In February, a three-month parade of sorts featuring a piece of machinery as heavy as a Boeing 757 made its way through Seattle, ending in the Central District in the dead of night.
Part of a multi-year project to upgrade and improve reliability of the brick-walled East Pine Substation along 23rd Ave, the mid-February process to move a new 110-ton electrical transformer into place at the facility involved a train trip, truck haul, and then a slow winding trip through the city of Seattle to 23rd and Pine.
“Transformer replacements are one of the largest single projects undertaken by our stations’ personnel, taking many months of planning, preparation, and execution and thousands of labor hours,” Hans Gutmann, electrical power systems principal engineer for Seattle City Light, said.
Transformers are large-scale pieces of electrical equipment that play a key role in power distribution, converting high-voltage electricity carried from power generation sites to substations and lowering the electric voltage level, ensuring safe power transmission.
The city says the new transformer will improve power reliability and load capacity and allow for greater control and monitoring capabilities.

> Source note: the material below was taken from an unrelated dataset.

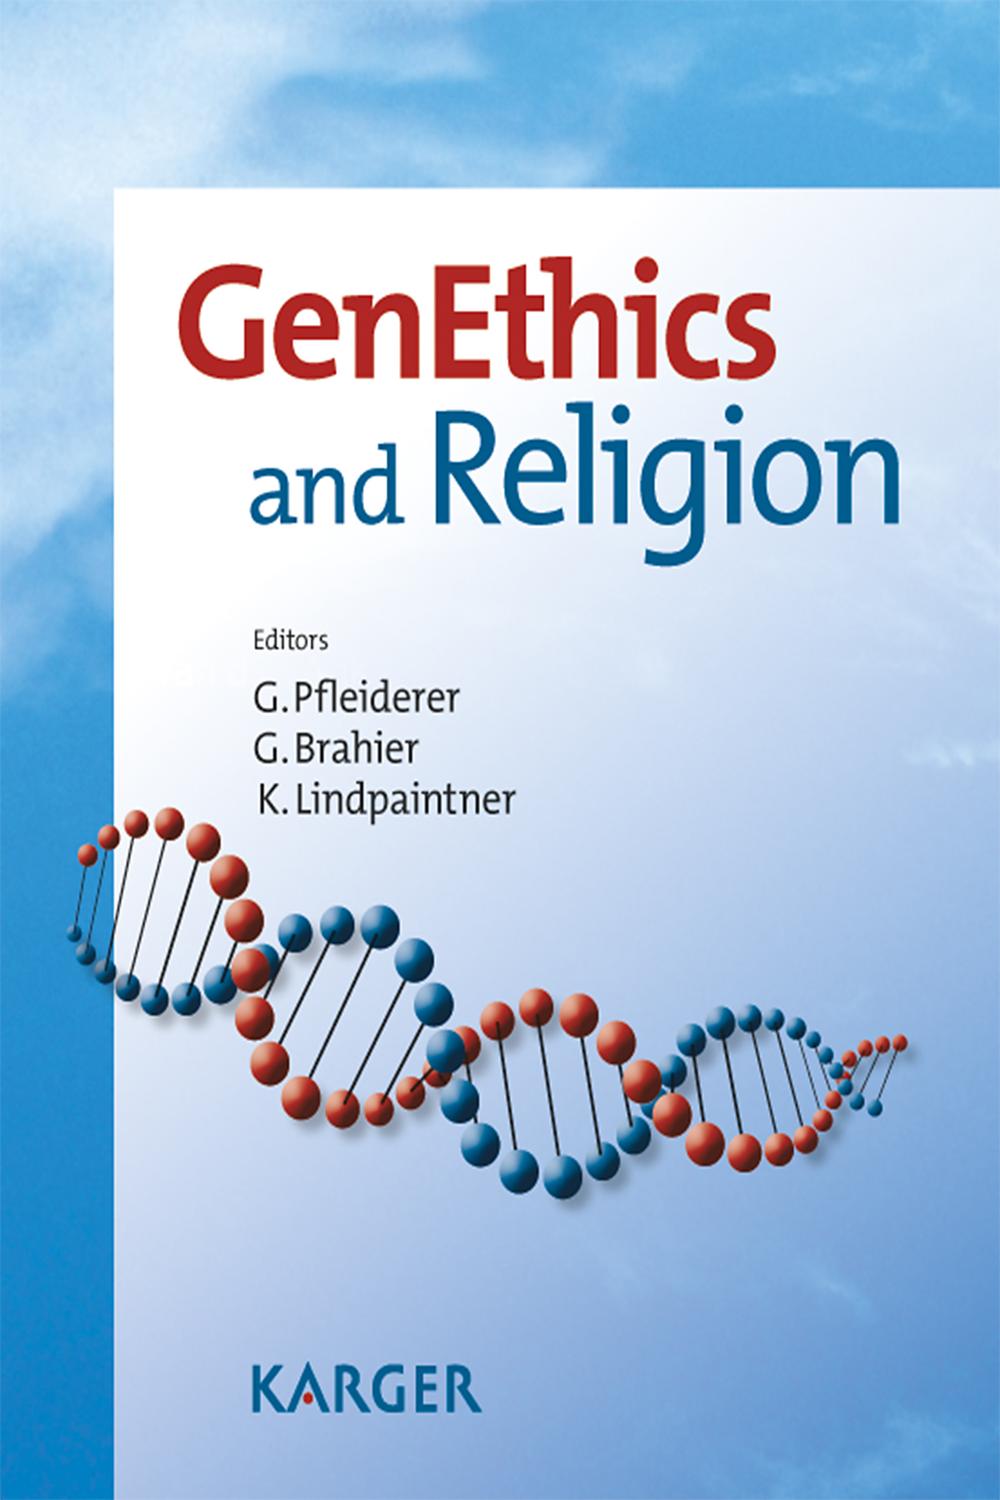 GenEthics and Religion - G. Pfleiderer, G. Brahier, K. Lindpaintner

It has an expected lifespan of 40 to 50 years.
The new transformer hard at work at the East Pine Substation began its journey here last year.
In late 2022, the transformer was loaded onto a rail car in Montreal, Canada, and traveled to Vancouver, Washington. On February 8the, the oversized load hit the road traveling up I-5 on a 185-foot-long heavy hauler escorted by a convoy of support vehicles over the course of four nights. Heavy-haul transportation permits restrict travel to night, the city says.
Three nights later, the caravan arrived at Martin Luther King Jr Way South and was carefully maneuvered through city streets to the East Pine Substation.
The city says the final blocks of the transformer’s trip were extensively surveyed in advance. With parking restrictions and designated hold points for traffic in place, the transformer was ready to be offloaded at the substation.
At daylight on Super Bowl Sunday, workers used a system of hydraulic jacks and rails to carefully move the transformer through the substation’s main gate – just wide enough for the enormous piece of equipment to pass through. The jacks allowed the transformer to move up to 18 inches per interval between the pin locks that secured the transformer to the rails.
The city says the new transformer is part of a multi-year project to expand and upgrade the substation, which came online in 1967 and was designated a Seattle Landmark in 2019 due to its award-winning architectural design.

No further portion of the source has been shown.